Question

Using the data below, perform descriptive statistics analyses (mean, standard deviation, variance) for scores from the two class periods. Then,determine if there is a significant difference between the two sets of exam scores by performing an independent t test.
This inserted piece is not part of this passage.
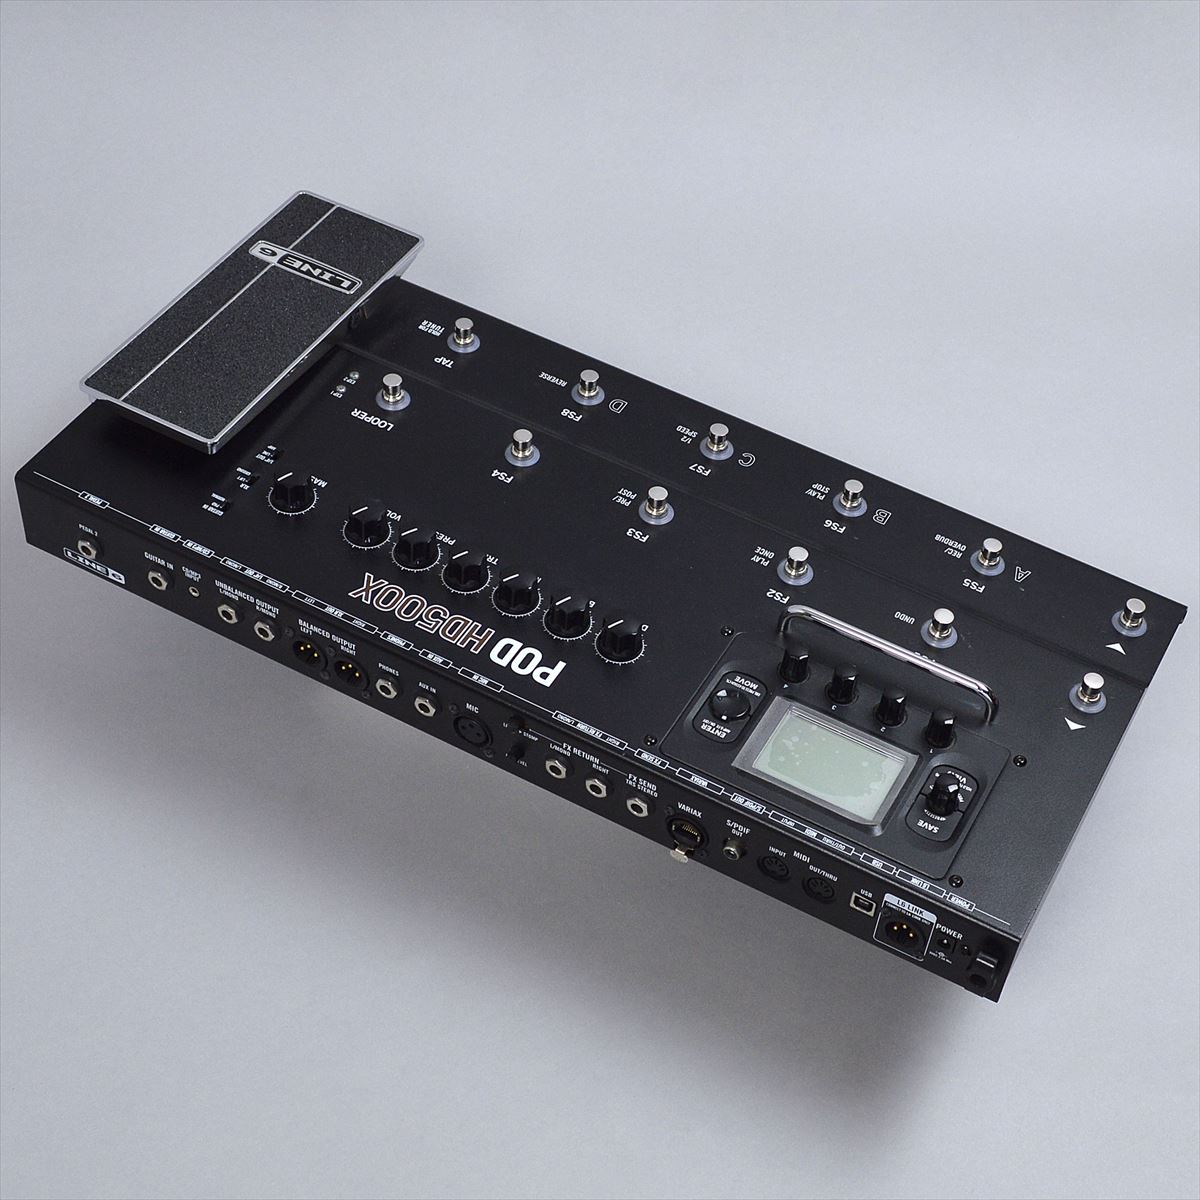 LINE6 POD HD500X マルチエフェクター - 楽器、器材
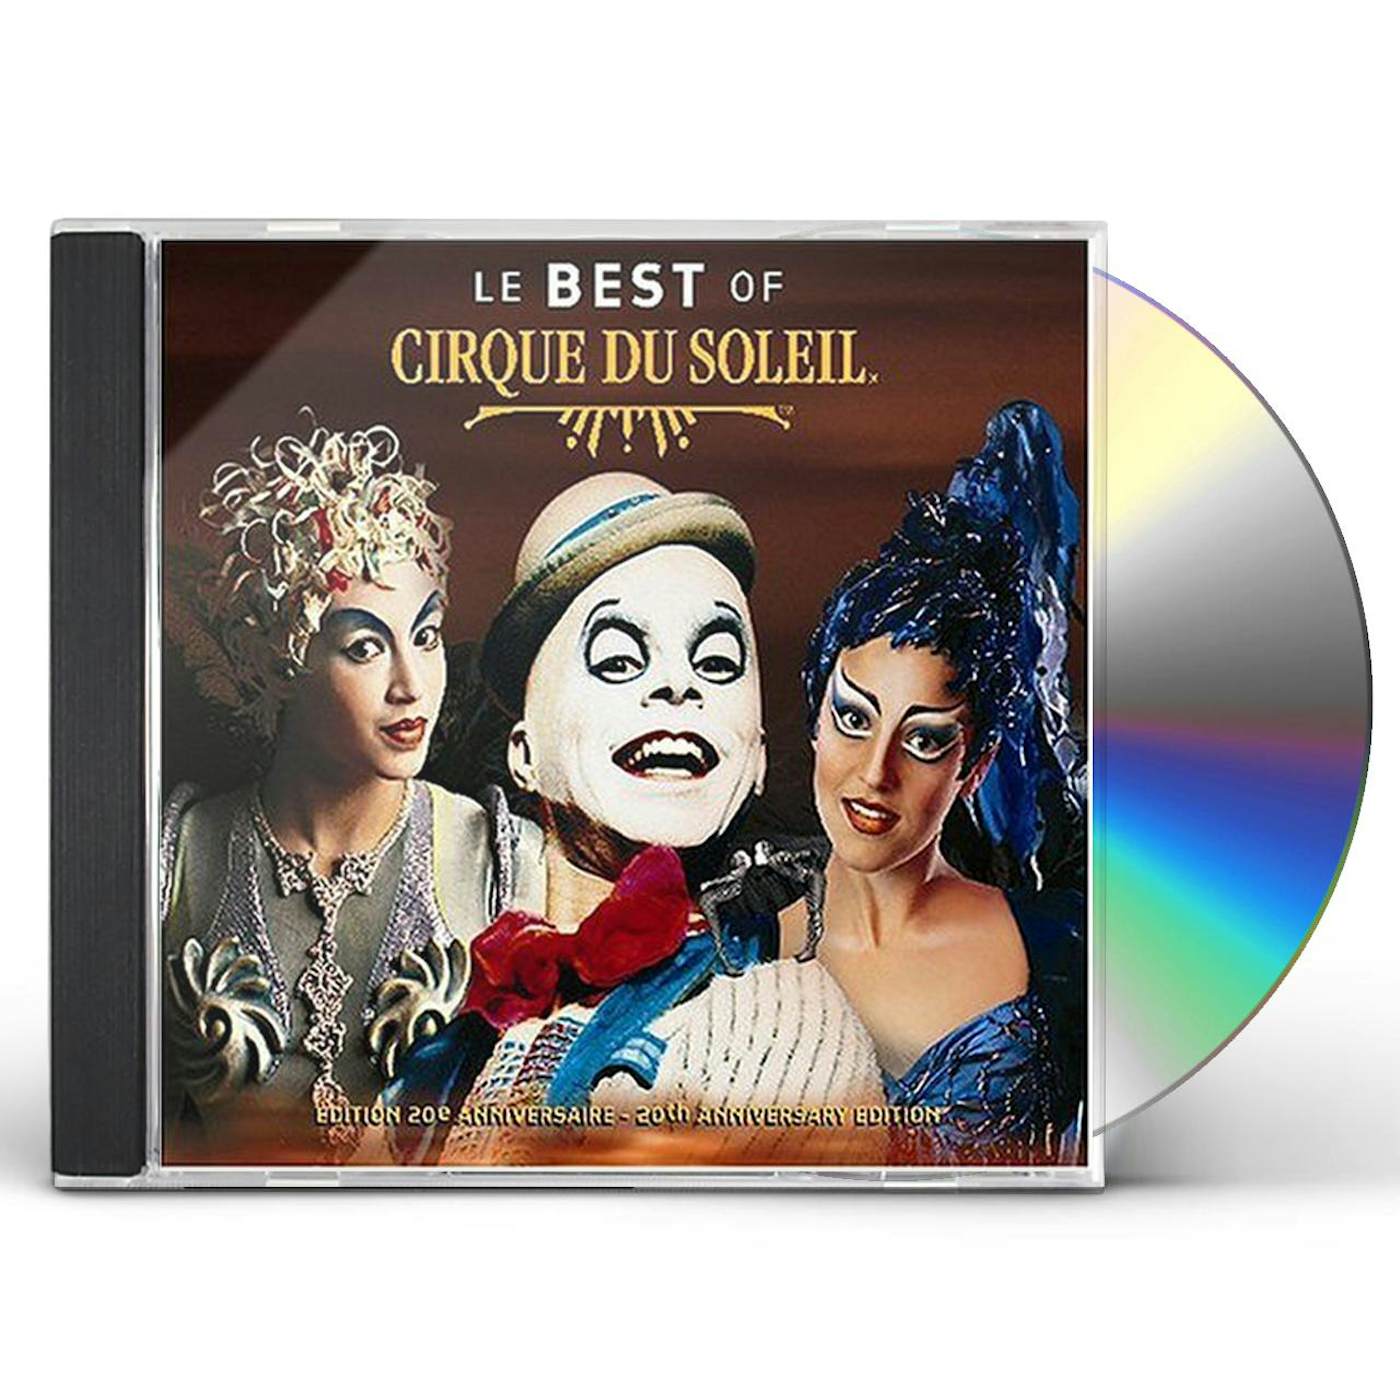 Cirque du Soleil LE BEST OF CD

Lastly, write a paragraph to convey the findings, using APA format.

The number would not align as I like but Third Period Scores are as follow: 84, 92,,98,76,80,90,70,94,100,94,98,88,90,92,88,76,80,92 and 88

Sixth Period Scores: 80,90,82,78,72,80,70,86,80,88,70,86,68,76,90,82,70,84, and 84

Please write legible to understand response on the answer.

Thanking you in advance

Answer 1

For Third Period Scores:

Mean = 84 + 92 + 98 + 76 + 80 + 90 + 70 + 94 + 100 + 94 + 98 + 88 + 90 + 92 + 88 + 76 + 80 + 92 + 88/19 = 87.89

Standard deviation = √(84 - 87.89)² +  (92 - 87.89)² +  (98 - 87.89)² +  (76 - 87.89)² +  (80 - 87.89)² +  (90 - 87.89)² +  (70 - 87.89)² +  (94 - 87.89)² +  (100 - 87.89)² +  (94 - 87.89)² +  (98 - 87.89)² +  (88 - 87.89)² +  (90 - 87.89)² +  (92 - 87.89)² +  (88 - 87.89)² +  (76 - 87.89)² +  (80 - 87.89)² +  (92 - 87.89)² +  (88 - 87.89)²/19 - 1 = 8.26

Variance = Standard deviation² = 8.26² = 68.21

For Sixth Period Scores:

Mean = 80 + 90 + 82 + 78 + 72 + 80 + 70 + 86 + 80 + 88 + 70 + 86 + 68 + 76 + 90 + 82 + 70 + 84 + 84/19 = 79.79

Standard deviation = √(80 - 79.79)² +  (90 - 79.79)² +  (82 - 79.79)²+  (78 - 79.79)² +  (72 - 79.79)² +  (80 - 79.79)² +  (70 - 79.79)² +  (86 - 79.79)² +  (80 - 79.79)² +  (88 - 79.79)² +  (70 - 79.79)² +  (86 - 79.79)² +  (68 - 79.79)² +  (76 - 79.79)² +  (90 - 79.79)² +  (82 - 79.79)² +  (70 - 79.79)² +  (84 - 79.79)² + (84 - 79.79)²/19 - 1 = 7.08

Variance = Standard deviation² = 7.08² = 50.18

The hypothesis being tested is:

H₀: µ₁ = µ₂

H₁: µ₁ ≠ µ₂

s² = 18*68.21 + 18*50.18/19 + 19 - 2 = 59.193

t = (87.89 - 79.79)/√59.193(1/ 19 + 1/19) = 3.247

df = 19 + 19 - 2 = 36

The p-value for df = 36 and t = 3.247 is 0.0025.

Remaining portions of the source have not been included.